# Try it
From the data below, repeat exactly the lines from the line with "Original-Fotostandbild für Clint" to the line with "Die angegebene Größe ist vor der", both included.

# Data shown
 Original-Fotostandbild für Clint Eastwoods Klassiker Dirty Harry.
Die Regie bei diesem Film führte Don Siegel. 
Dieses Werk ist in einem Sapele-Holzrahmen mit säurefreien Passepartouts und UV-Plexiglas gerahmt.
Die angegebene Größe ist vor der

--

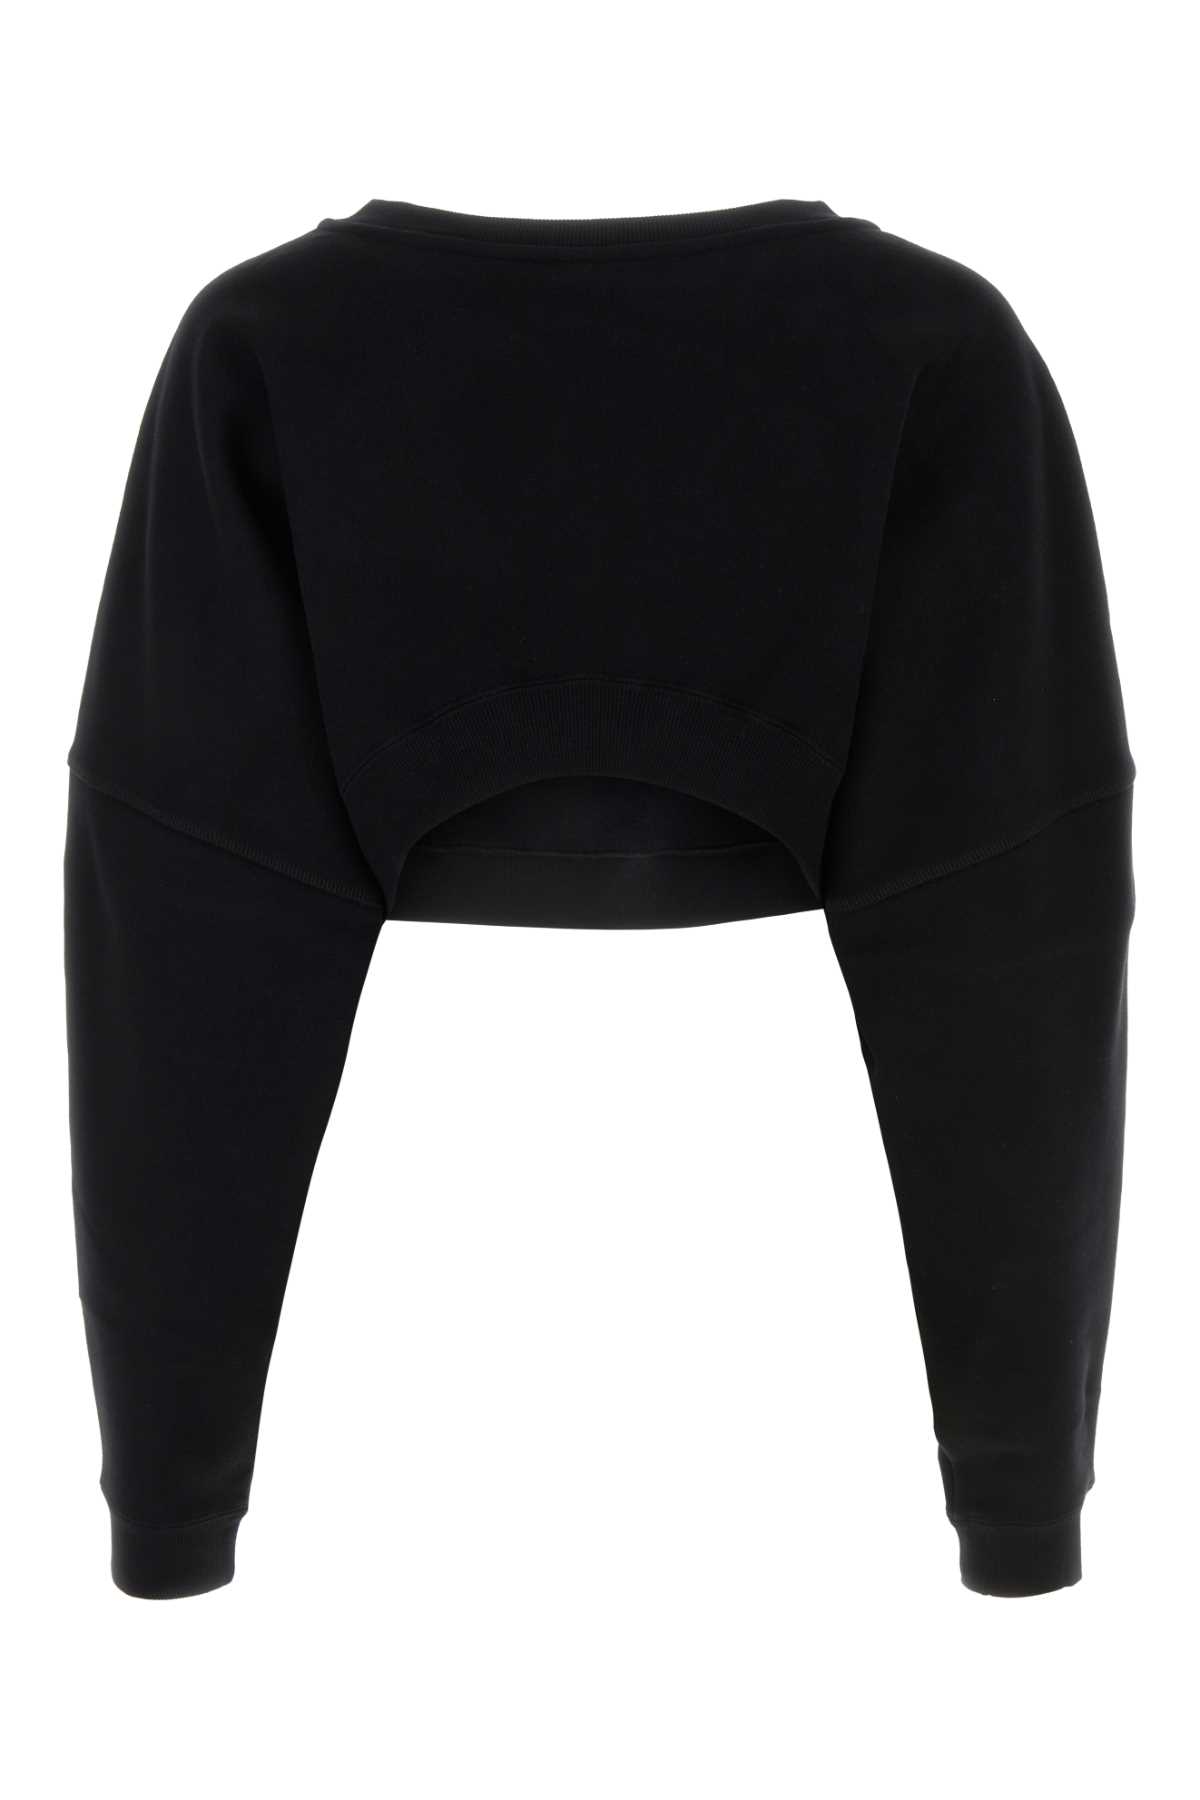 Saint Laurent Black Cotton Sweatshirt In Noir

* * *

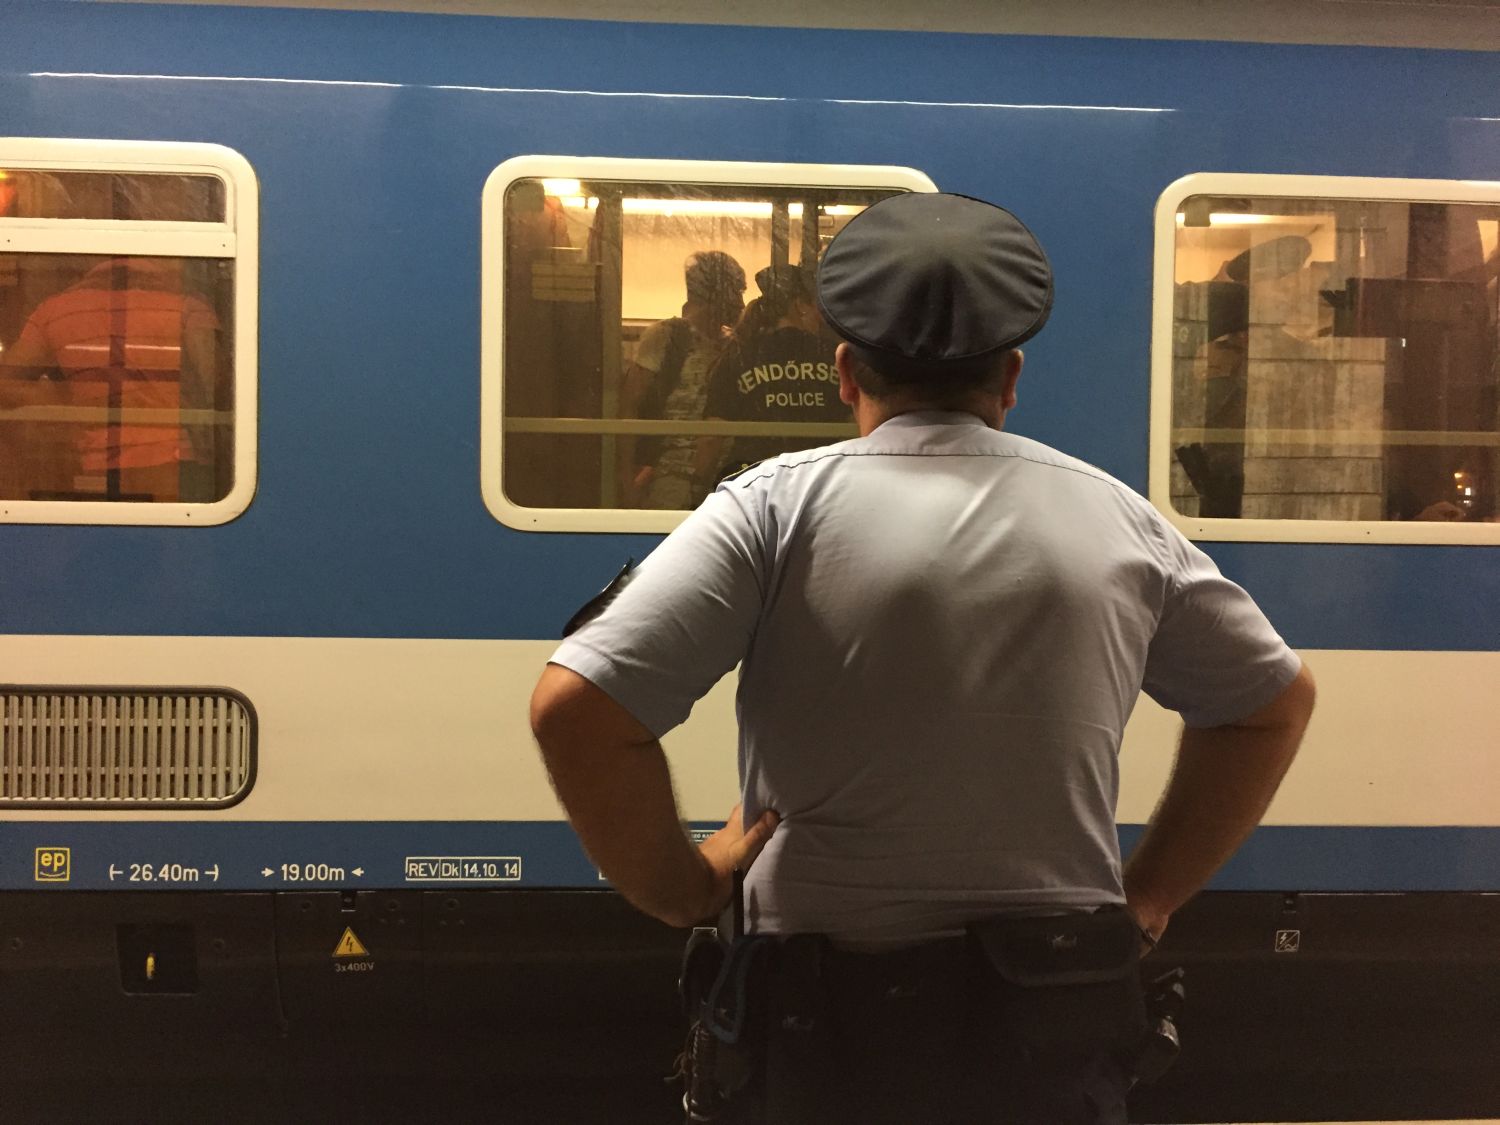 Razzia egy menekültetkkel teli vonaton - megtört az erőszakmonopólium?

# Response area
 Original-Fotostandbild für Clint Eastwoods Klassiker Dirty Harry.
Die Regie bei diesem Film führte Don Siegel. 
Dieses Werk ist in einem Sapele-Holzrahmen mit säurefreien Passepartouts und UV-Plexiglas gerahmt.
Die angegebene Größe ist vor der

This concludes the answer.